Structure of \(\Sigma\)

\[ \begin{align*} \mathbf{\Sigma} &= \begin{bmatrix}\sigma_1^2 & \rho\sigma_1\sigma_2 \\ \rho\sigma_2\sigma_1 & \sigma_2^2\end{bmatrix} \\[0.1em] \implies \det(\Sigma) &= \sigma_1^2\sigma_2^2 - \rho^2\sigma_1^2\sigma_2^2 \\ &= \sigma_1^2\sigma_2^2(1-\rho^2) \end{align*} \]

Quadratic Forms

  • Quadratic forms will seem scary until someone forces you to write out the matrix multiplication!
  • Start with the 1D case: \(\mathbf{x} = [x_1]\), \(\boldsymbol\mu = [\mu_1]\), \(\Sigma = [\sigma^2]\). Then

\[ (\mathbf{x} - \boldsymbol\mu)^\top \Sigma^{-1} (\mathbf{x - \boldsymbol\mu}) = (x_1 - \mu_1)\frac{1}{\sigma^2}(x_1 - \mu_1) = \left(\frac{x_1 - \mu_1}{\sigma}\right)^2 ~ 🤯 \]

The 2D Case

  • Let \(\mathbf{x} = \left[\begin{smallmatrix}x_1 \\ x_2\end{smallmatrix}\right]\), \(\boldsymbol\mu = \left[ \begin{smallmatrix}\mu_1 \\ \mu_2 \end{smallmatrix}\right]\), \(\Sigma\) as in previous slide.
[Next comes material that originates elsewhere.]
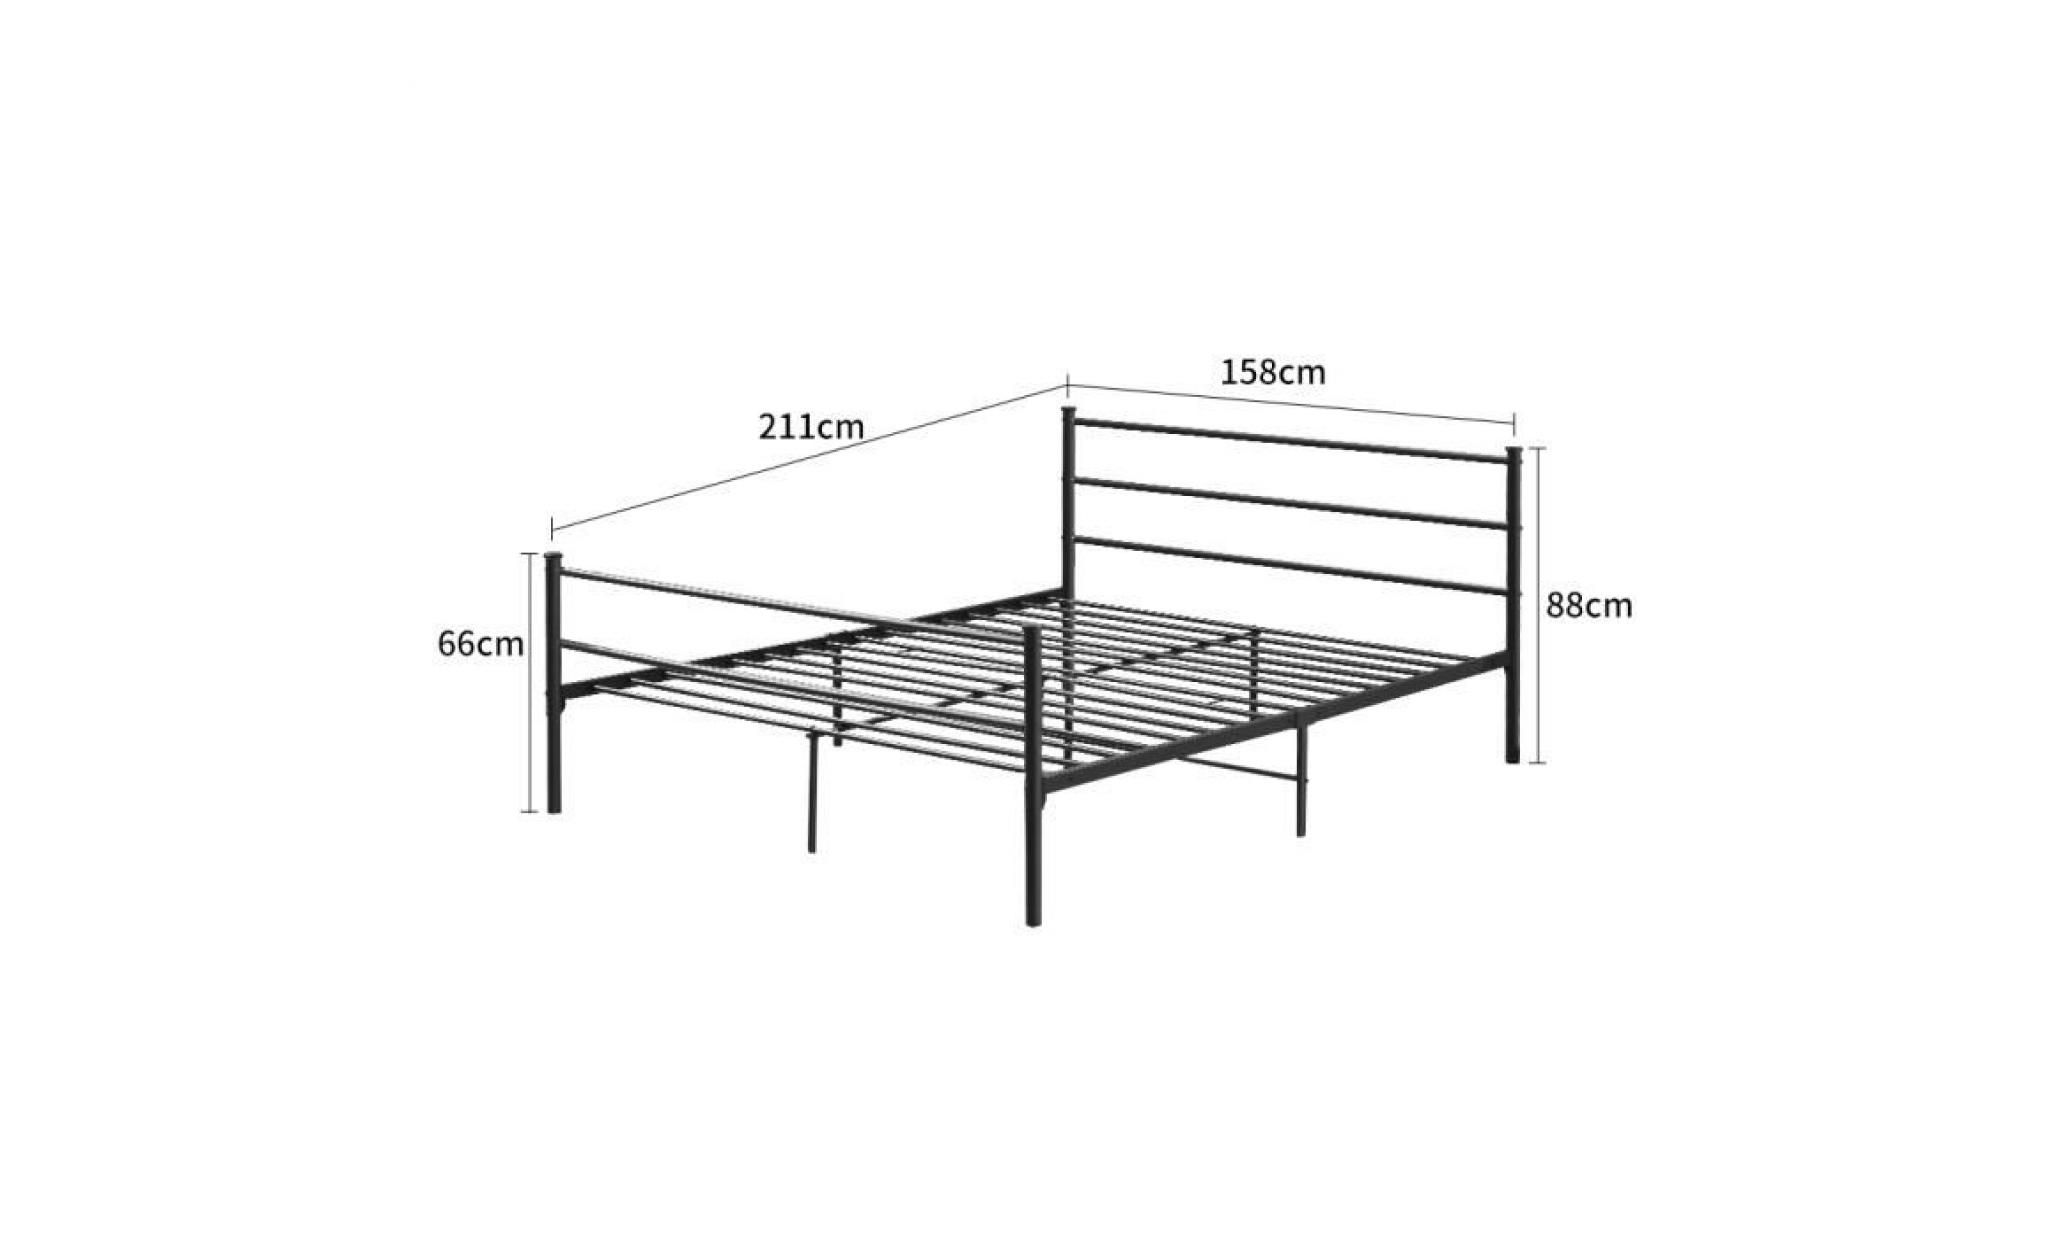 lit double 158cm x 211cm cadre de lit en métal pour les adultes et les enfants noir pas cher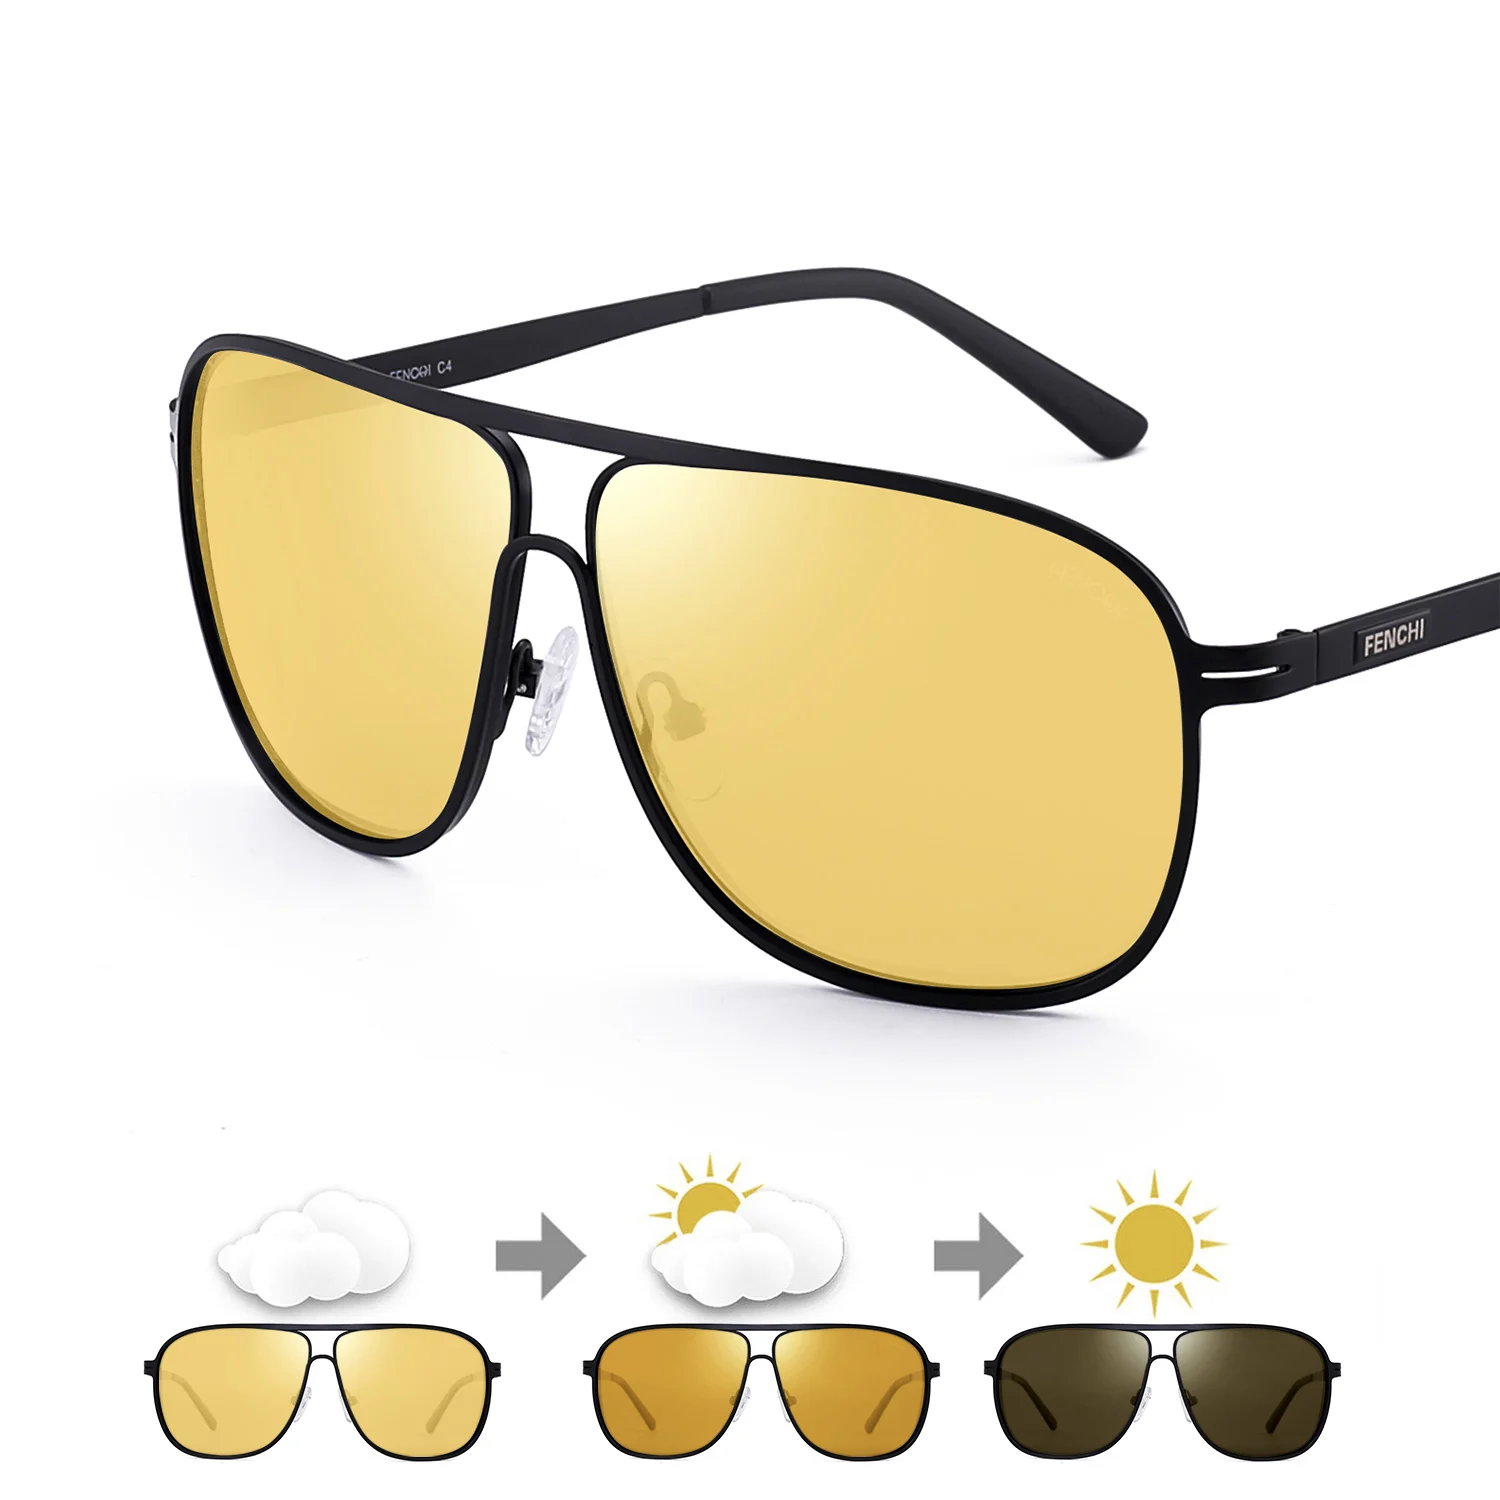 FENCHI, мужские очки ночного видения, поляризованные желтые антибликовые линзы, солнцезащитные очки для вождения, очки ночного видения для автомобиля

Then \(\mathbf{x} - \boldsymbol\mu = \left[ \begin{smallmatrix} x_1 - \mu_1 \\ x_2 - \mu_2 \end{smallmatrix} \right]\)
  • Using what we know about \(2 \times 2\) matrix inversion,

\[ \Sigma^{-1} = \frac{1}{\det(\Sigma)}\left[ \begin{smallmatrix} \sigma_2^2 & -\rho \sigma_2\sigma_1 \\ -\rho \sigma_1\sigma_2 & \sigma_1^2\end{smallmatrix} \right] = \frac{1}{\sigma_1^2\sigma_2^2(1-\rho^2)}\left[ \begin{smallmatrix} \sigma_2^2 & -\rho \sigma_2\sigma_1 \\ -\rho \sigma_1\sigma_2 & \sigma_1^2\end{smallmatrix} \right] \]

  • With \(\widetilde{\rho} \equiv 1 - \rho^2\), we can write everything as a bunch of matrix multiplications:

\[ \begin{align*} &(\mathbf{x} - \boldsymbol\mu)^\top \Sigma^{-1} (\mathbf{x} - \boldsymbol\mu) = \frac{1}{\sigma_1^2\sigma_2^2 \widetilde{\rho}} \begin{bmatrix}x_1 - \mu_1 & x_2 - \mu_2\end{bmatrix} \cdot \begin{bmatrix} \sigma_2^2 & -\rho \sigma_2\sigma_1 \\ -\rho \sigma_1\sigma_2 & \sigma_1^2\end{bmatrix} \cdot \begin{bmatrix}x_1 - \mu_1 \\ x_2 - \mu_2\end{bmatrix} \\ &= \frac{1}{\sigma_1^2\sigma_2^2 \widetilde{\rho}} \begin{bmatrix}(x_1-\mu_1)\sigma_2^2 - (x_2-\mu_2)\rho\sigma_1\sigma_2 & (x_2 - \mu_2)\sigma_1^2 - (x_1 - \mu_1)\rho\sigma_2\sigma_1 \end{bmatrix} \cdot \begin{bmatrix}x_1 - \mu_1 \\ x_2 - \mu_2\end{bmatrix} \\ &= \frac{1}{\sigma_1^2\sigma_2^2 \widetilde{\rho}} \left( (x_1-\mu_1)^2 \sigma_2^2 - (x_1 - \mu_1)(x_1 - \mu_2)\sigma_1\sigma_2 + (x_2 - \mu_2)^2 \sigma_1^2 - (x_1 - \mu_1)(x_2 - \mu_2)\sigma_2\sigma_1 \right) \\ &= \boxed{ \frac{1}{\widetilde{\rho}} \left( \left(\frac{x_1 - \mu_1}{\sigma_1}\right)^2 + \left(\frac{x_2 - \mu_2}{\sigma_2}\right)^2 - 2\rho\frac{(x_1 - \mu_1)(x_2 - \mu_2)}{\sigma_1\sigma_2} \right) } \end{align*} \]

The 2D Case In Its FINAL FORM

\[ f_{\mathbf{X}}(\mathbf{x}) = C \bigexp{ -\frac{1}{2(1-\rho^2)} \left( \left(\frac{x_1 - \mu_1}{\sigma_1}\right)^2 + \left(\frac{x_2 - \mu_2}{\sigma_2}\right)^2 - 2\rho\frac{(x_1 - \mu_1)(x_2 - \mu_2)}{\sigma_1\sigma_2} \right) } \]

where

\[ C = \frac{1}{2\pi\sigma_1\sigma_2\sqrt{1-\rho^2}}. \]

References

DeGroot, Morris H., and Mark J. Schervish. 2013. Probability and Statistics. Pearson Education.